How Humane are the Presidential Candidates? The Republicans

2008 February 26

We have borrowed liberally from Mutts, a blog by John Woestendiek of The Baltimore Sun. Hey, he’s a Pulitzer prize winner. How are we going to top that?

Here’s what Mr. Woestendiek posted about the Republican candidates:

    Among the Republicans still in the race, John McCain, as you might expect for a guy with 22 pets, emerges as the leader of the pack when it comes to animal welfare issues.

    As a senator, he has earned scores as high as 75 percent on the Humane Society Legislative Fund’s “Humane Scorecard.”

    McCain voted for and helped sponsor legislation to stop horse slaughter. He has co-sponsored bills to stop the interstate shipment of birds for cockfighting and the poaching of bears, and he voted to eliminate a multi-million dollar subsidy for the mink industry.

    He opposes drilling in the Arctic National Wildlife Refuge, home to many wildlife species.

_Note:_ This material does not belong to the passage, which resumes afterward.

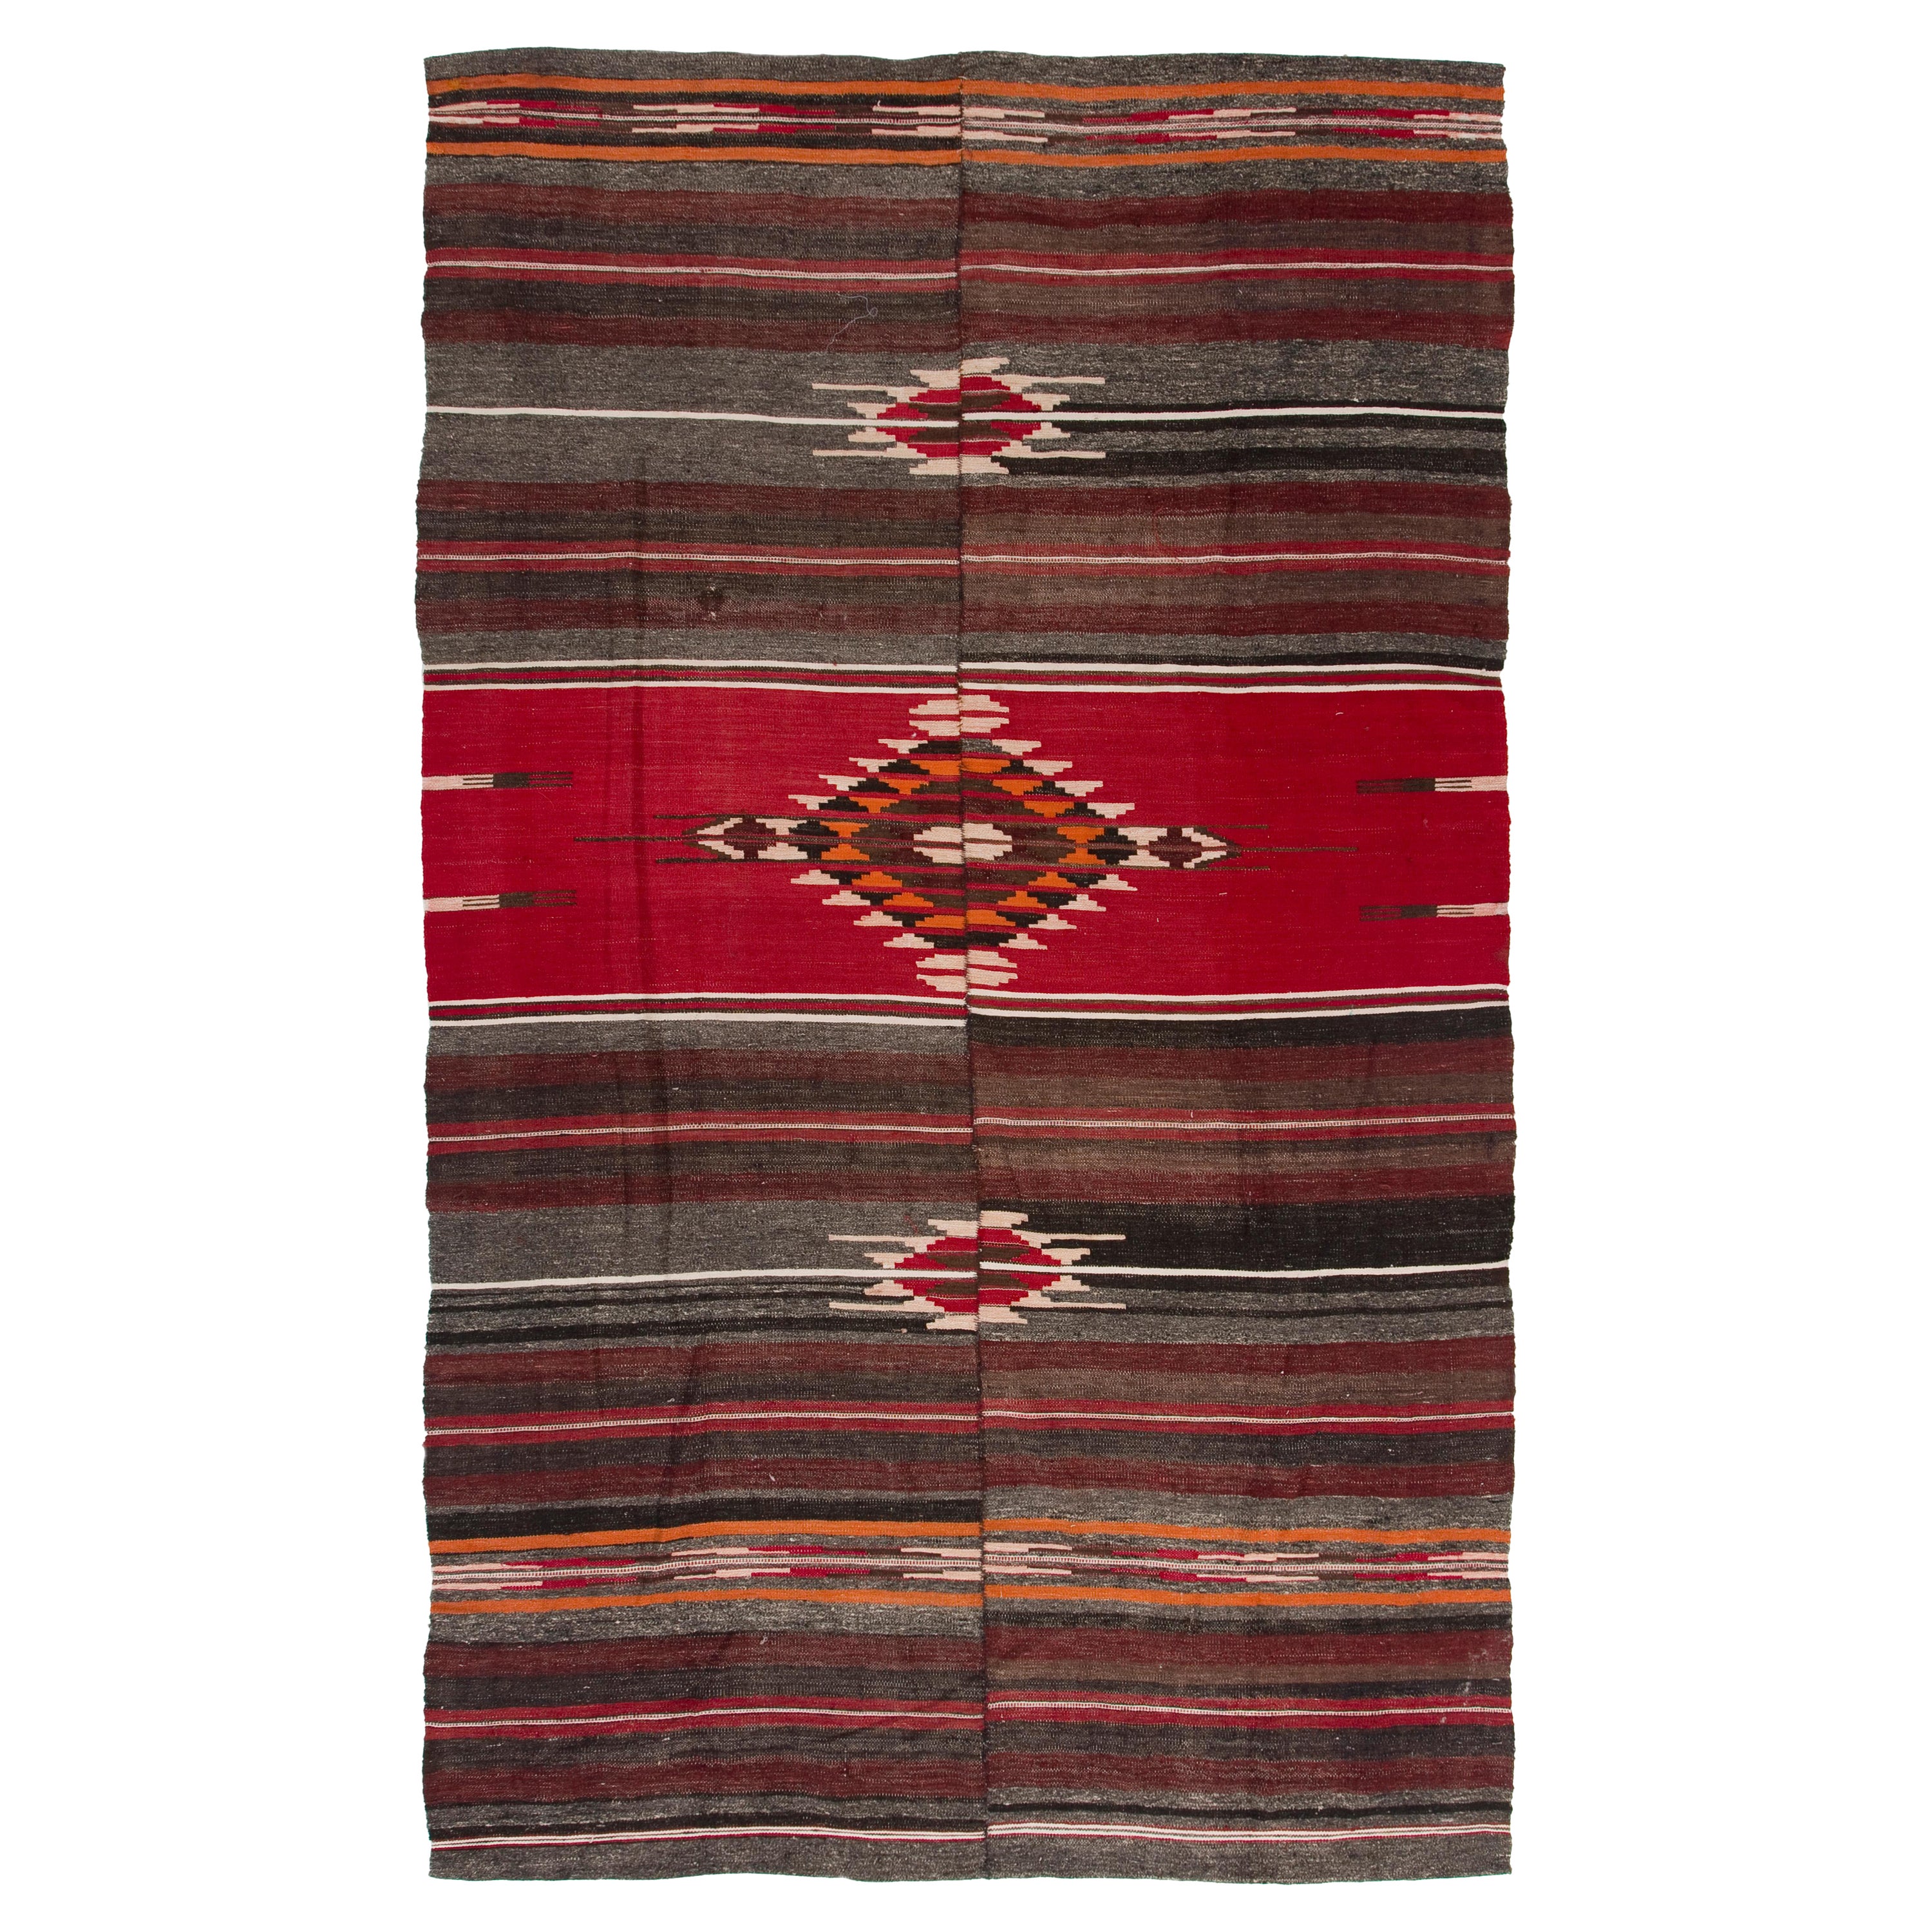 5x8 ft Vintage Handmade Turkish Kilim with Southwest Style, (FlatWeave) All Wool For Sale

    Mitt Romney, on the other hand, enjoys little support among animal rights types partly because of his record, partly because of reports that he strapped the family Irish setter’s carrier on the roof of the car with the dog in it on a 1983 vacation. At one point during the 12-hour drive, he stopped to hose down the dog, then pushed on.

    The Humane Society Legislative Fund (HSLF) says he also received criticism when, as chief executive of the 2002 Winter Olympics in Salt Lake City, he allowed a calf-roping exhibition.

    HSLF, which lobbies for animal welfare legislation and works to elect humane-minded candidates to public office, said that when he was governor of Massachusetts many of Romney’s appointments to a state wildlife board were deemed animal-unfriendly.

    Romney did leave office on a high note, HSLF points out signing a bill to strengthen the Massachusetts animal fighting law and prevent a convicted animal abuser from getting the animal back.

    Mike Huckabee’s animal welfare record as Arkansas governor was dismal according to the HSLF.

    During Huckabee’s administration, he failed to support an effort by lawmakers to pass legislation upgrading the state’s anti-cruelty law from a misdemeanor to a felony offense. Arkansas is now one of only seven states that consider deliberate, malicious acts of cruelty to animals a misdemeanor offense. As Michael Markarian, president of the HSLF, puts it, setting fire to a painting of a dog is a more serious crime in Arkansas than burning the dog himself.

    In 1998, according to published reports, Huckabee’s 17-year-old son, David, was fired from his job as a counselor at a Boy Scout camp after he and another teen allegedly killed a stray dog by hanging it and slitting its throat. The teens were never charged, and according to Newsweek, allegations were raised that the governor tried to stop the state police from investigating.

Sen. John McCain co-sponsored S. 311, an amendment to the Horse Protection Act banning horse slaughter and export for slaughter, one week after it was introduced.